シン・ゴジラ
2016-08-07


□ゴジラ会議は踊る!?

 エヴァの庵野監督が監督することが売りの「シン・ゴジラ」を観てきた。
 着ぐるみではなくCGを使ったのは、アニメの延長線上で演出したかったのだと理解できた。ゴジラは、まさにフルアニメーションのように自在に動き、新機軸の背びれから放射する核レーザーも違和感なく美しい。監督が目指したのは、実写映画ではなく、実写に限りなく近いアニメなのだろう。

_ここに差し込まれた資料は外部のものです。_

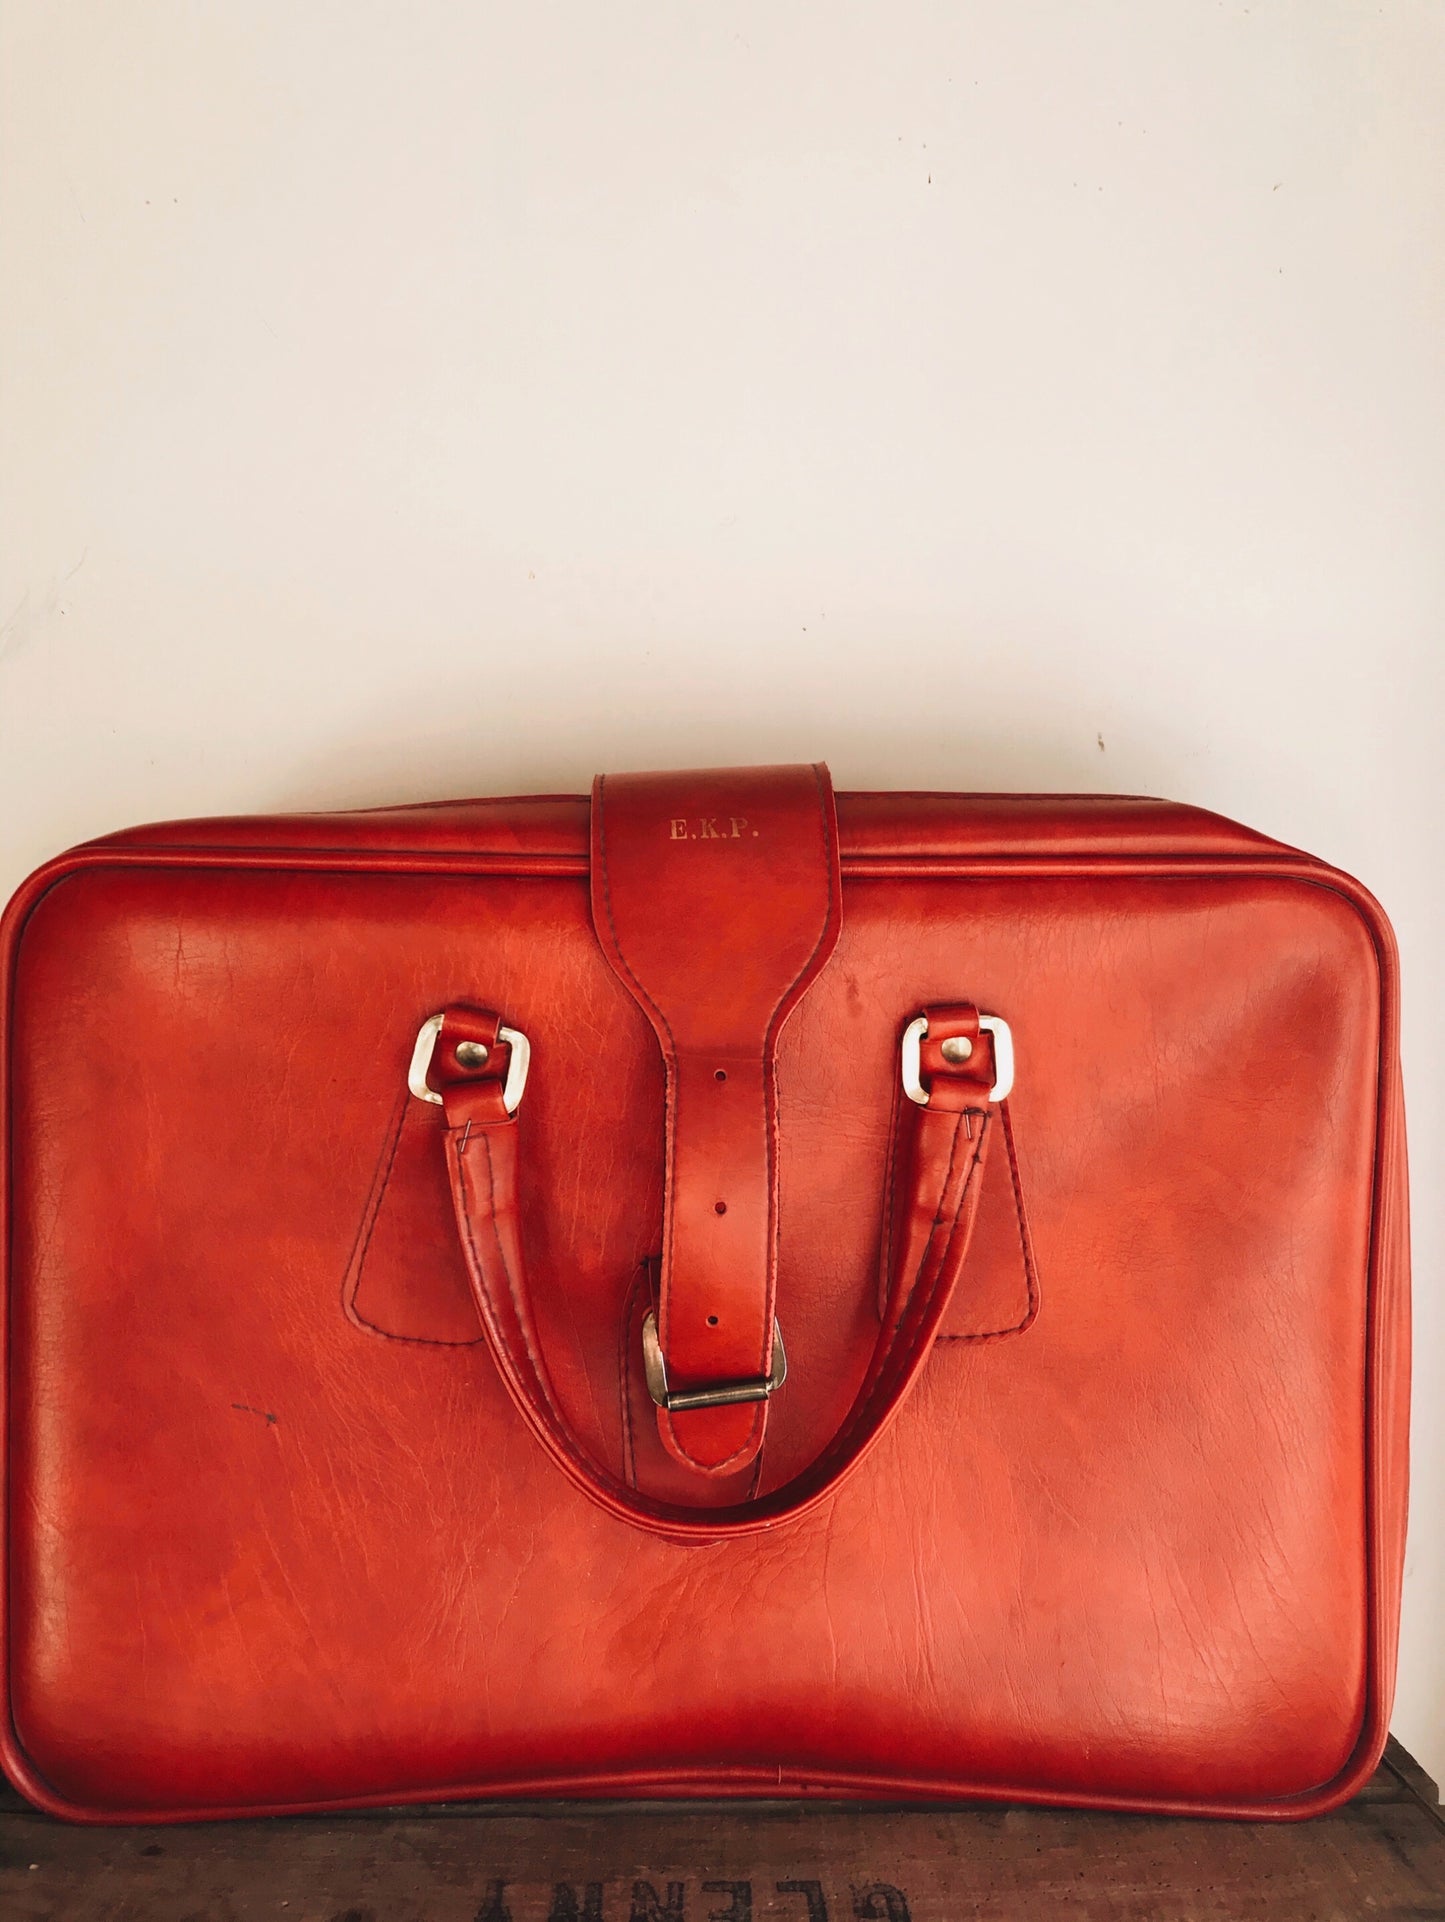 Vintage Red Suitcase ~ E.K.P (personalisation) - Stone & Sage

自衛隊の戦車もアニメのように軽く動く。
 物語的には、メインのアイデアとなった灼熱の赤ゴジラをはじめ、過去のゴジラ映画からの引用も多く、あえて新曲を使わず伊福部サウンドで押し通すのも、あざとくもオタクマインドをくすぐる。
 映画としての欠点は、ネットでユーザー批評が「ゴジラ会議」と揶揄しているごとく、会議場面が長いこと。ゴジラの活躍より、怒鳴りあっている人の顔のアップが長いのだ。金のかかる合戦場面を最小にして会話で時間を稼ぐ大河ドラマみたいだ。
 おかげで一緒に行った我がツレアイは、延々と続く会議に飽きて寝こけ、肝心のゴジラの咆哮・大破壊シーンを見損ねたと不満顔。会議場面を半分にすれば大傑作になったであろうに残念。
 怪獣映画に政治性(ポリティカルシミュレーション)はあっても良いが、政治場面はいらない。


禺画像]


 P.S. 東京全域を壊滅させ、最後は、東京駅を寝床に討死(?)するゴジラだが、首相を疎開させる場面はあっても、天皇を避難させる話は出てこない。大災害が東京を見舞えば、当然、象徴天皇の保護も最重要課題となる筈である。国のあり方(国体)に関する疑似政治学的な議論がウリ(?)のこの映画にしては不自然ではないか、被害地域に含まれている筈の皇居炎上の描写もない。
 タブーでもあるのかいな。
 帝都大戦の荒俣宏だったら、現人神が、荒ぶる神ゴジラを祈祷で退散させる場面を入れるんじゃなかろうかと夢想する。